Талейран, хорошо знающий своих соотечественников, говорит: Ne vous у trompez pas: Les Fraucais ont etc a Moscou; mais gardez-vous bien de croire que les Russes soient jamais venus a Paris (He ошибайтесь: французы были в Москве, но русские никогда не вступали в Париж). Другими словами, но в этом же смысле и духе писаны многие французские военные истории, особенно же пресловутая книга Тьера.

* * *

В старой тетради, сборник русского хроникера, отыскалась следующая надгробная надпись:

On le connut fort peu, lui ne connut personne.

Actif, toujours presse, bouillant, imperieux,

Aimable, seduisan meme sous la couronne,

Voulant gouverner seul, tout voir, tout faire mieux,

Il fit beaucoup d'ingrats et mourut malheureux.

(Его знали слишком мало: он никого не знал. Деятельный, всегда торопливый, вспыльчивый, повелительный, любезный, обольстительный даже под царским венцом, он хотел править один, все видеть, все делать лучше; он породил много неблагодарных и умер несчастливым.)

* * *

Приезжий из Италии рассказывал следующее.

В каком-то казино, что у нас называется клубом, слышит он русские слова, напеваемые на итальянские мотивы из опер тогда наиболее в ходу на сцене. Подходит он к столу, за которым сидели и играли в карты русские и один итальянец. Любезные наши земляки мурлыкали и ворковали между собою: поди в черви, поди в бубнового короля, и так далее, на голос i tanti palpiti или: il piu triste de mortali. Добродушный итальянец удивлялся музыкальным способностям русских и вместе с тем и тому, что он все проигрывает.

* * *

В одном из городов Италии, ради какого-то ночного беспорядка сделано было полицией распоряжение, чтобы позднее известного часа никто не выходил на улицу иначе, как с зажженным фонарем. Находящийся тогда в том городе наш молодой Сен-При, отличный карикатурист, которого карандаш воспет Пушкиным в Онегине, расписал свой фонарь забавными, но схожими изображениями городских властей. Само собой разумеется, что он с фонарем своим прогуливался по всем улицам наиболее людным.
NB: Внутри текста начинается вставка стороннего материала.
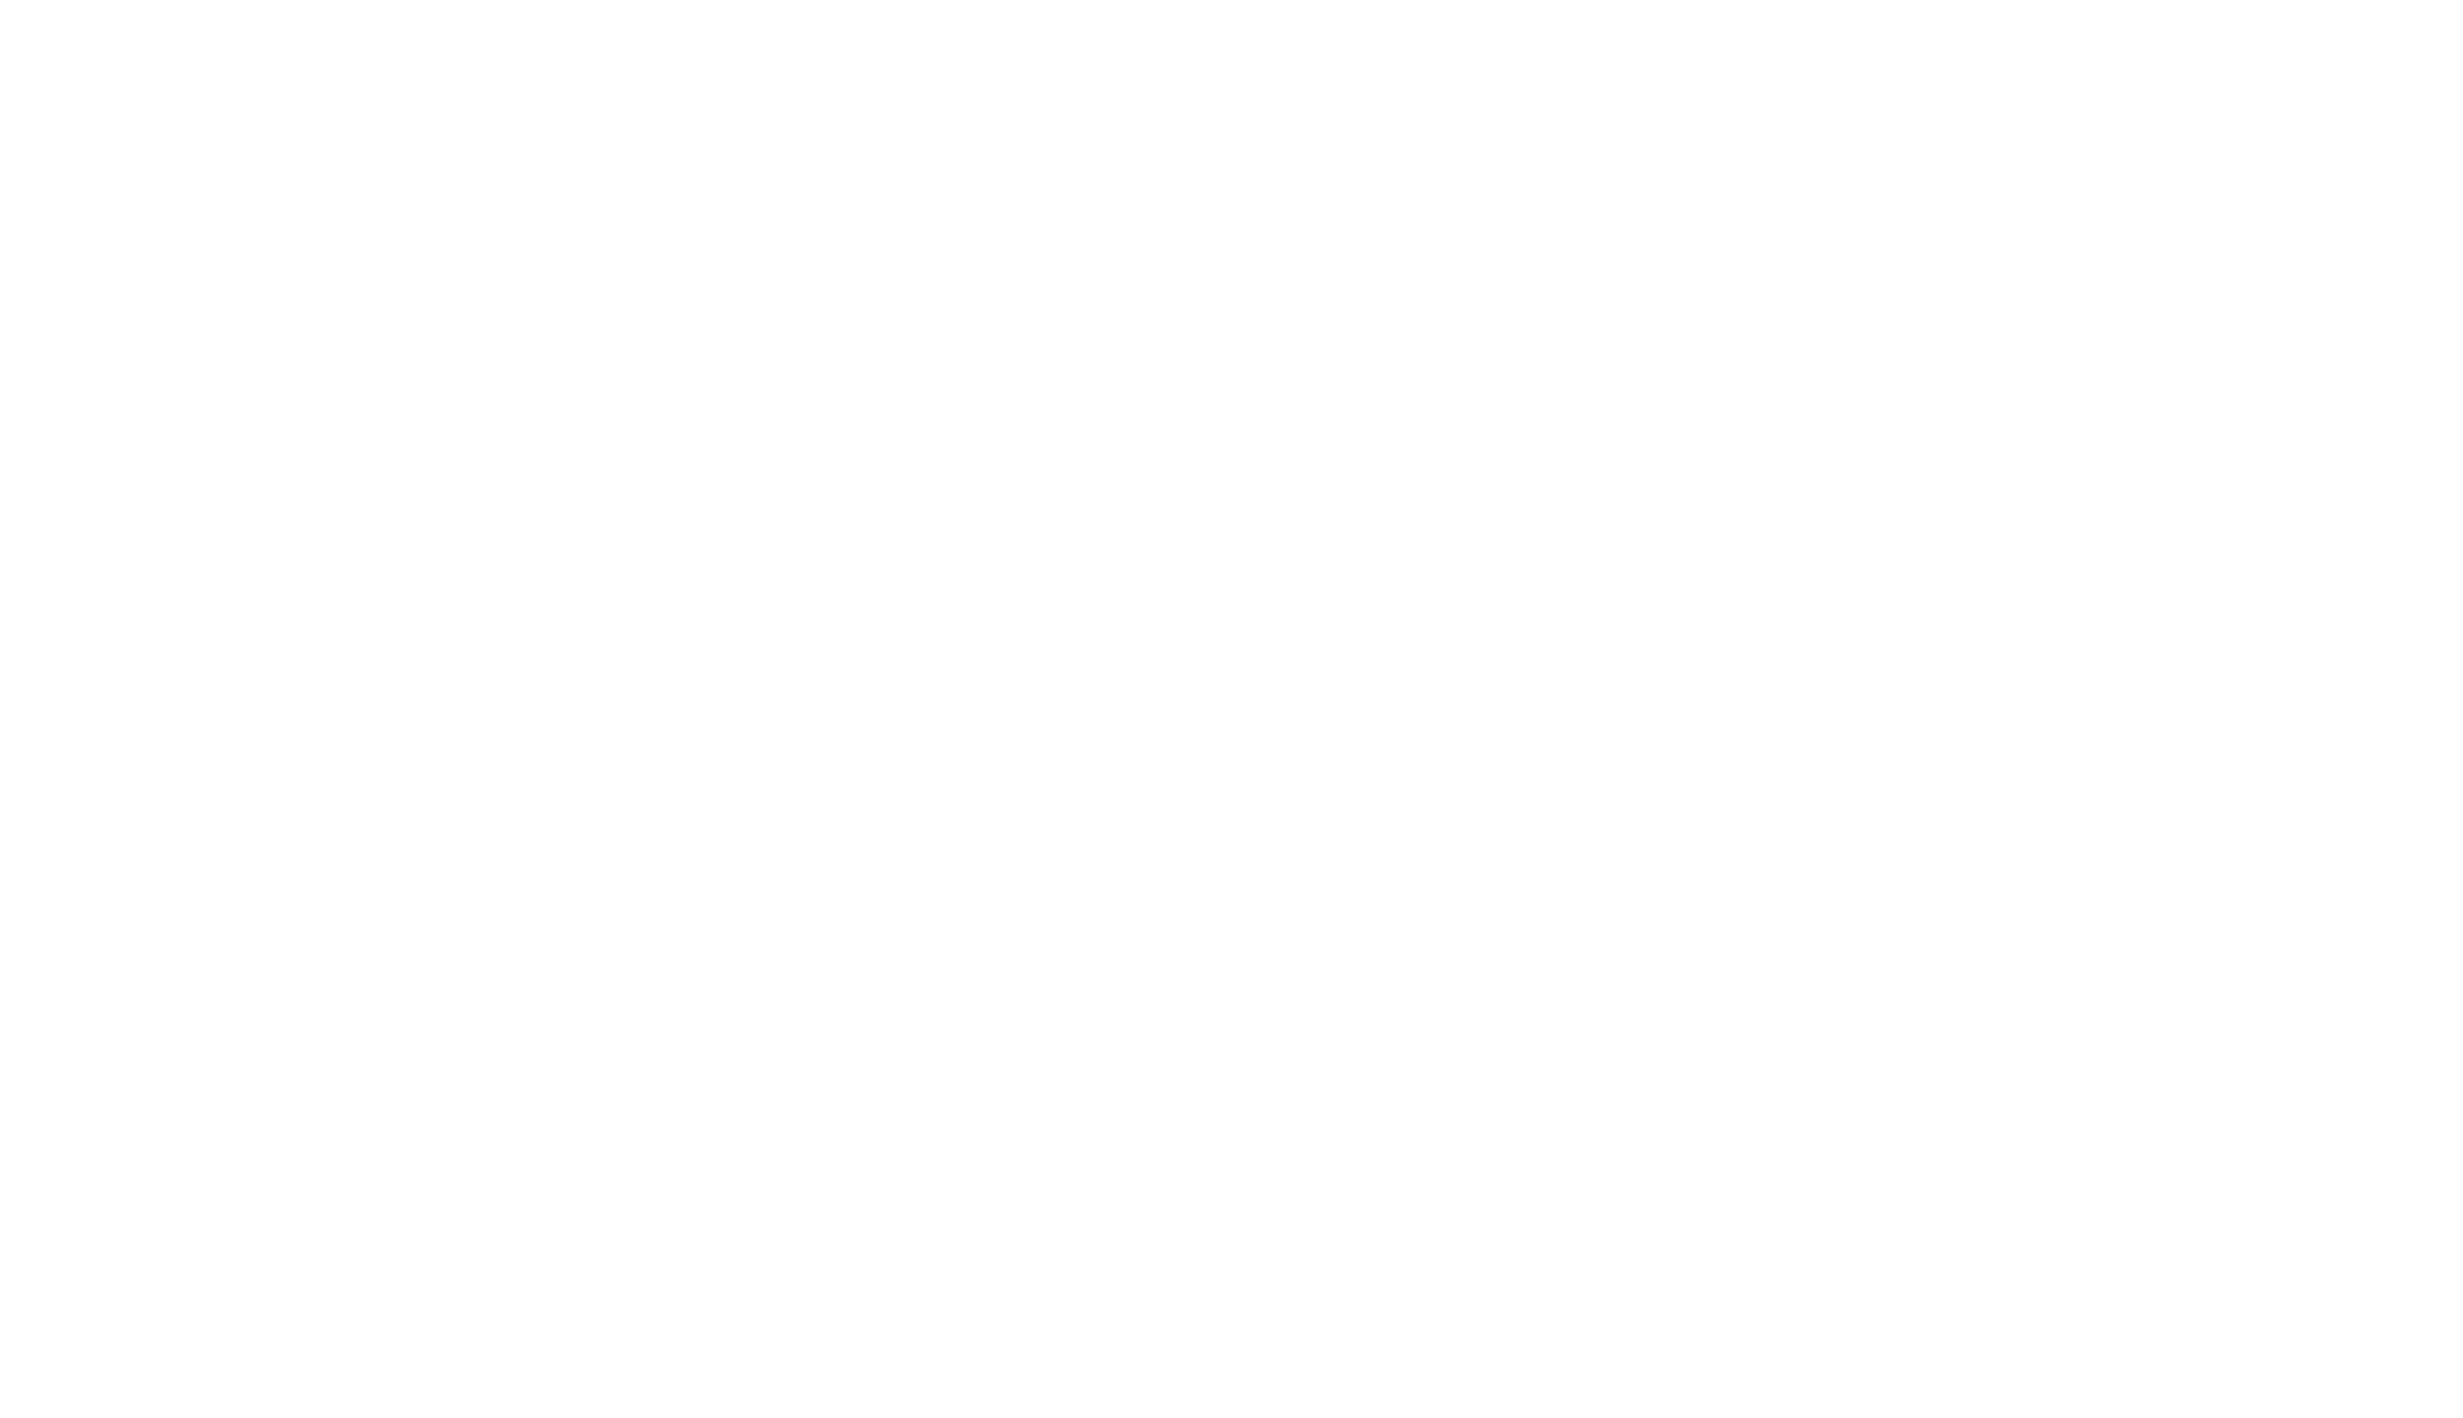 Saalt Monogram

Этот молодой человек, веселый и затейливый проказник, вскоре затем, в той же Италии, застрелил себя неизвестно по какой причине и, помнится, ночью на Светлое

Воскресение. Утром нашли труп его на полу, плавающий в крови. Верная собака его облизывала рану его.

Он был сын графа Сен-При, французского эмигранта, брат которого с честью вписал свое французское имя в летописи русского войска в ряду лучших генералов наших. Мать его, урожденная княжна Голицына, была родная сестра графини Толстой и графини Остерман. Отец, вероятно при герцоге де-Ришелье, был губернатором в южной России; он был человек образованный, уважаемый и любимый в русском обществе. Он довольно свободно и правильно говорил по-русски. Он в России принадлежал административной школе герцога де-Ришелье, бывшего долгое время Новороссийским генерал-губернатором; Одесса в особенности много была обязана ему процветанием своим. Эта школа, хотя и под французской фирмой, оставила по себе в России хорошие и не совсем бесплодные следы.